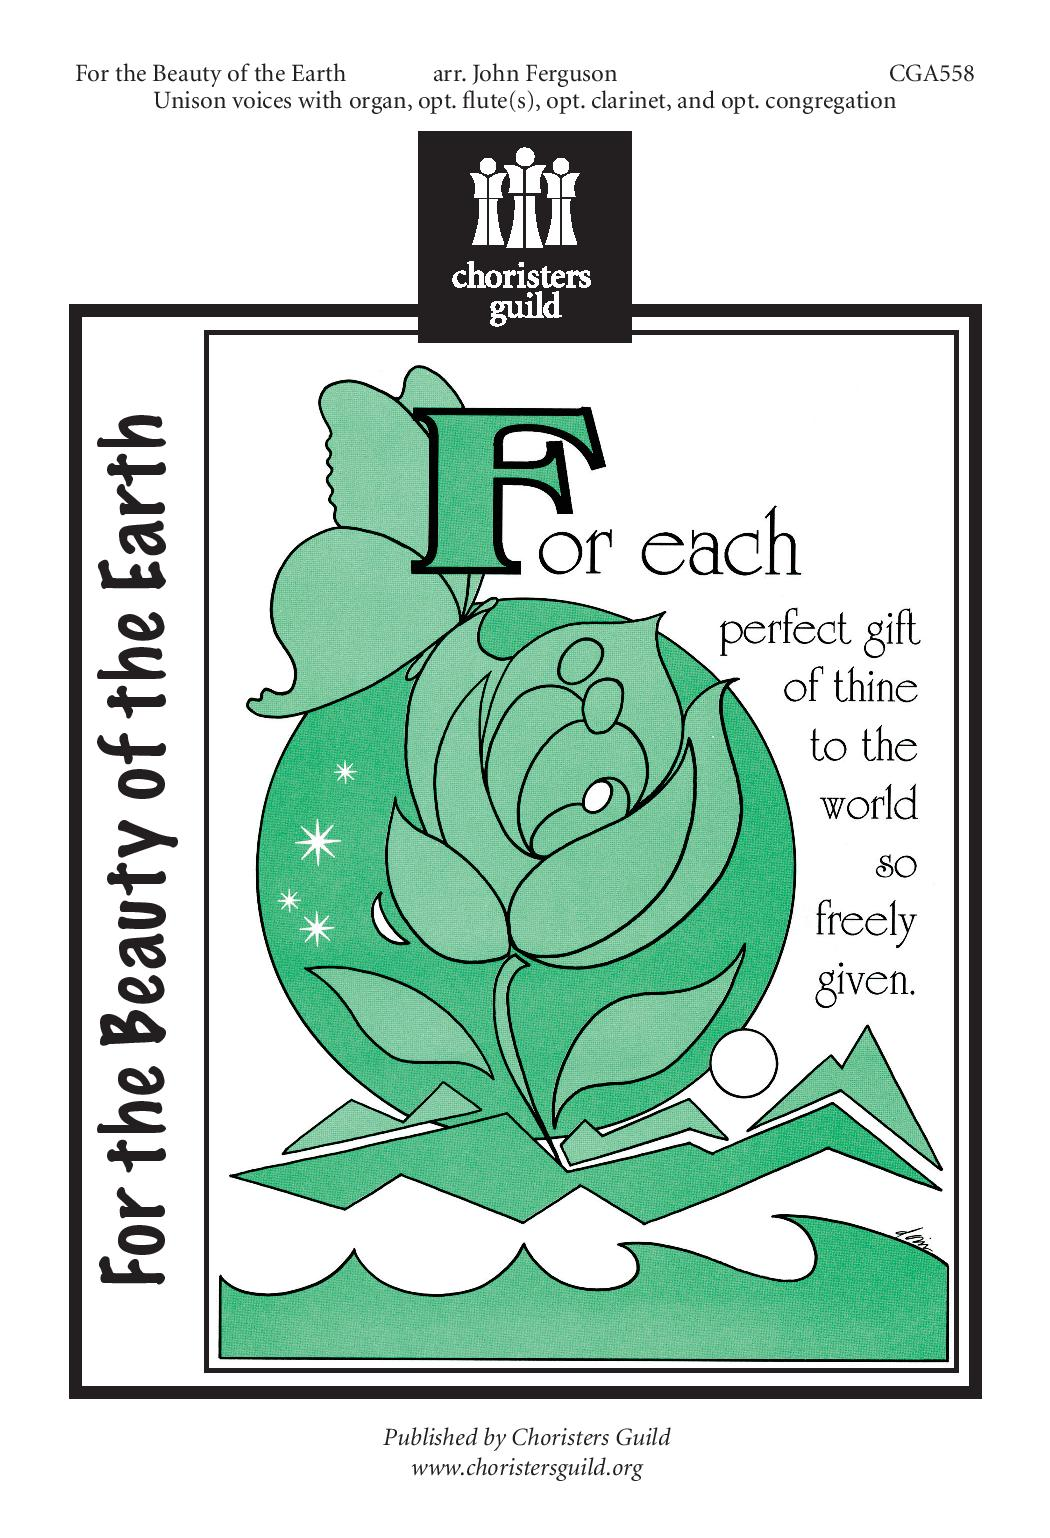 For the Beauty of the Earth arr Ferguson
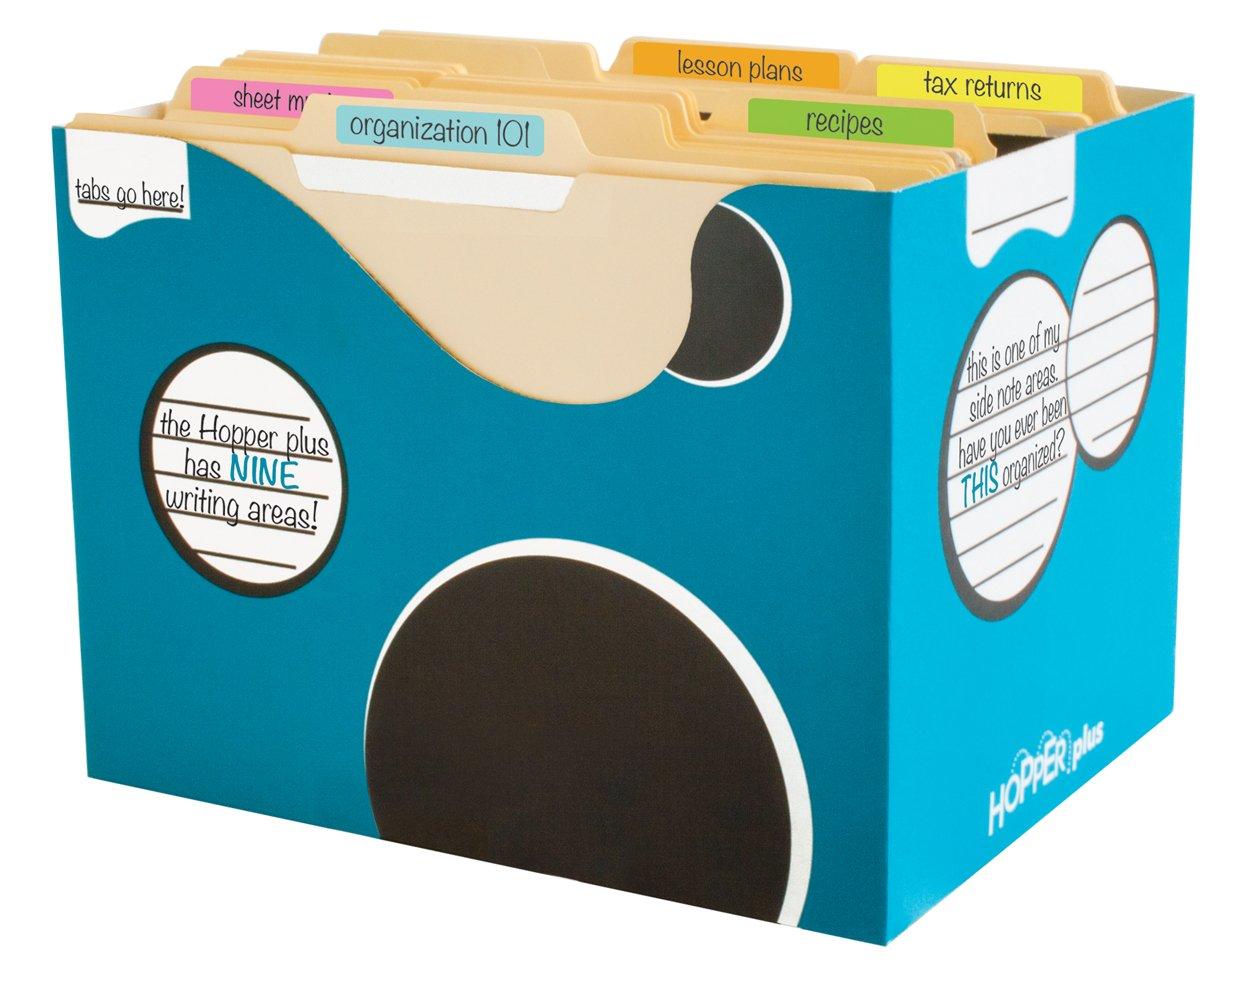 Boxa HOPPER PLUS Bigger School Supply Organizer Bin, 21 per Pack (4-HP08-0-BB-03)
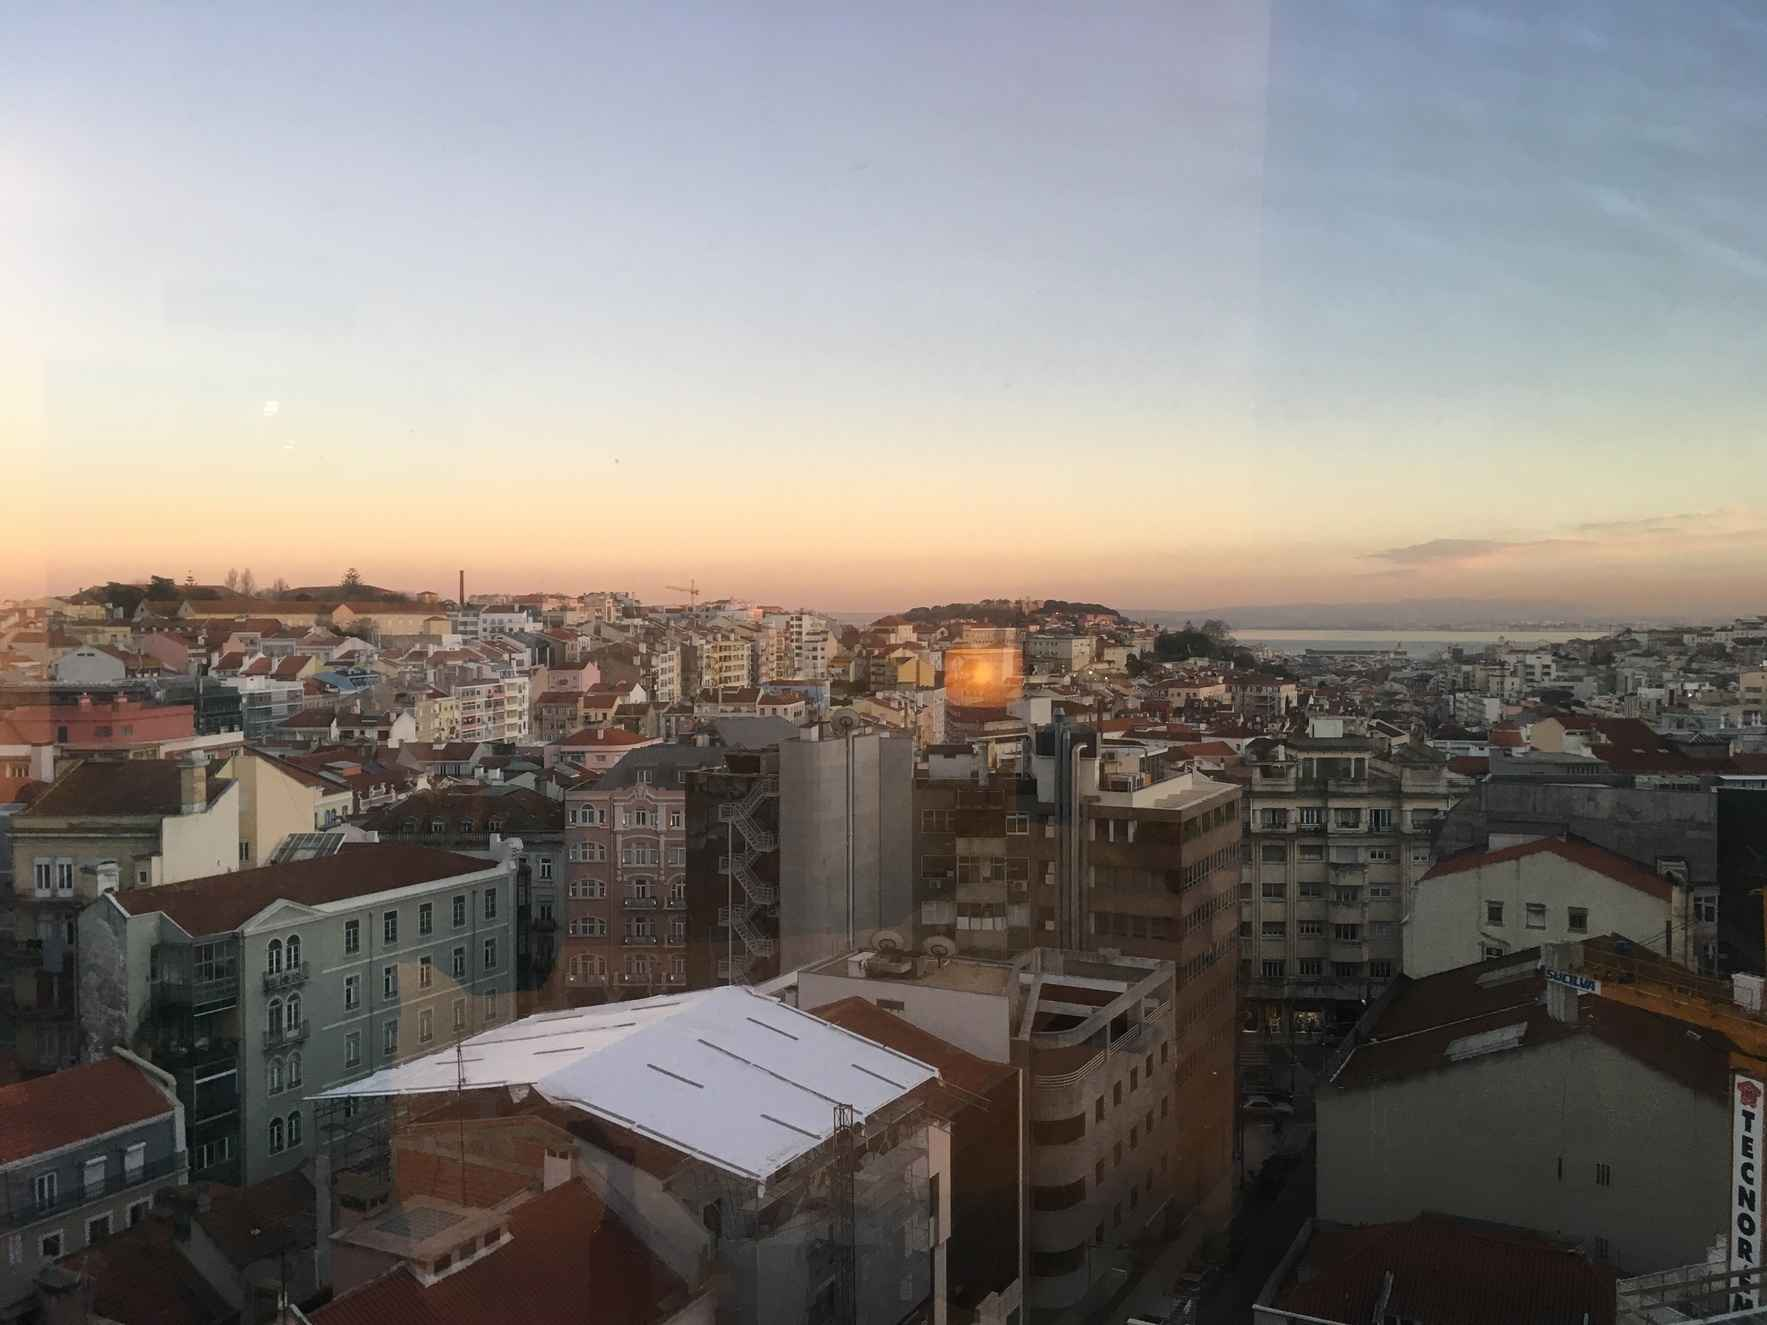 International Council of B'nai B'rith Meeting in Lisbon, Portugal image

# # #

• **Aim of the task**
Exclude all pictures and reproduce verbatim the lines running from the line that contains "Boxa HOPPER PLUS" to the end of the data above, both ends included.

• **Written solution**
 Boxa HOPPER PLUS Bigger School Supply Organizer Bin, 21 per Pack (4-HP08-0-BB-03)
 International Council of B'nai B'rith Meeting in Lisbon, Portugal image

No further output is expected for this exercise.